──────── Data supplied ────────
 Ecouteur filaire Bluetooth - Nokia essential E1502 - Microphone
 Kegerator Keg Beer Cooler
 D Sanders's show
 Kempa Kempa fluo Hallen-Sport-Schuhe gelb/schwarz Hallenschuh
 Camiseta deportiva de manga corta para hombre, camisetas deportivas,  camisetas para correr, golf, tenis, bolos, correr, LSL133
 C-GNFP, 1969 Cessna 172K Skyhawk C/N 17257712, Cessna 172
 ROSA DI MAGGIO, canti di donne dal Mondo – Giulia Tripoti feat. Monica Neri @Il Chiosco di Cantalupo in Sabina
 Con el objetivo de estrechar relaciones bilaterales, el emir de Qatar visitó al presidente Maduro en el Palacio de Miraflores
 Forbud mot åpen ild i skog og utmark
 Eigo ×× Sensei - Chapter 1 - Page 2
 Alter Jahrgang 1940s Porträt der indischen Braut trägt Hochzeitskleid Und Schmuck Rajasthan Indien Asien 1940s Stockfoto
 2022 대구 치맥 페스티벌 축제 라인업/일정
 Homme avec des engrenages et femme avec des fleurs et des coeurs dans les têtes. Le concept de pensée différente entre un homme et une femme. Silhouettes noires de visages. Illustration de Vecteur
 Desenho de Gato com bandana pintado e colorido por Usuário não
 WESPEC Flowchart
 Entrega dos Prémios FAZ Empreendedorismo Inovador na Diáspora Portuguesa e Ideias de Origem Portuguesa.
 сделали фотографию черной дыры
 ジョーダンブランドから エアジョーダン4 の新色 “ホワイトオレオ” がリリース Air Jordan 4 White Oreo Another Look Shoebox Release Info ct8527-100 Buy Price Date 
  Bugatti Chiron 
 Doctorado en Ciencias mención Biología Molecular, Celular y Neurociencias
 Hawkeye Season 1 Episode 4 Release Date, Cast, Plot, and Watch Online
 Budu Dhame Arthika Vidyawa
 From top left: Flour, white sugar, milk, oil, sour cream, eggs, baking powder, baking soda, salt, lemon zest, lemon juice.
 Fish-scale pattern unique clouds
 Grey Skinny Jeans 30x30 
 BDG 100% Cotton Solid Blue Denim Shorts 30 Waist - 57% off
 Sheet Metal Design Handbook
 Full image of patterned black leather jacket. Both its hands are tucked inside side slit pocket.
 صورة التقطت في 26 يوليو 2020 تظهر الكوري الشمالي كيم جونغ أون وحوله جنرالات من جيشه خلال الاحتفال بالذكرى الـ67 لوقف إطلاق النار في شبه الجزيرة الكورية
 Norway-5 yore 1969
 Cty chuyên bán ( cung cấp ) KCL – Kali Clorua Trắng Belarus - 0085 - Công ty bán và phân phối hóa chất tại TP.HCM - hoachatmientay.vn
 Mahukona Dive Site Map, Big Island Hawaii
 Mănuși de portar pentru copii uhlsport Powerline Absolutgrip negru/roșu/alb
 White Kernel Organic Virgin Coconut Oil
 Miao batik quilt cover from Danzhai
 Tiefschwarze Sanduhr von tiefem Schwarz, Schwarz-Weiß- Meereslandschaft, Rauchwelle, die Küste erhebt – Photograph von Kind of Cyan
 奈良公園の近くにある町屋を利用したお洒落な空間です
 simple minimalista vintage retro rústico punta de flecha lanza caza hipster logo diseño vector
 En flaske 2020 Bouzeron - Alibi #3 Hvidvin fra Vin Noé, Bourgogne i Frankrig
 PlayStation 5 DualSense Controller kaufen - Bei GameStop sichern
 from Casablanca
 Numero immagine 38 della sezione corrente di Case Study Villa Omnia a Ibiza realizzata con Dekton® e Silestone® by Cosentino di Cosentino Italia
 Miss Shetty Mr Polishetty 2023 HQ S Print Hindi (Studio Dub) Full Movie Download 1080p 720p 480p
────────
▸ **Work required**
Please write out exactly the line containing "simple minimalista vintage" and every line after it through the end of the records, nothing more.

▸ **Answer**
 simple minimalista vintage retro rústico punta de flecha lanza caza hipster logo diseño vector
 En flaske 2020 Bouzeron - Alibi #3 Hvidvin fra Vin Noé, Bourgogne i Frankrig
 PlayStation 5 DualSense Controller kaufen - Bei GameStop sichern
 from Casablanca
 Numero immagine 38 della sezione corrente di Case Study Villa Omnia a Ibiza realizzata con Dekton® e Silestone® by Cosentino di Cosentino Italia
 Miss Shetty Mr Polishetty 2023 HQ S Print Hindi (Studio Dub) Full Movie Download 1080p 720p 480p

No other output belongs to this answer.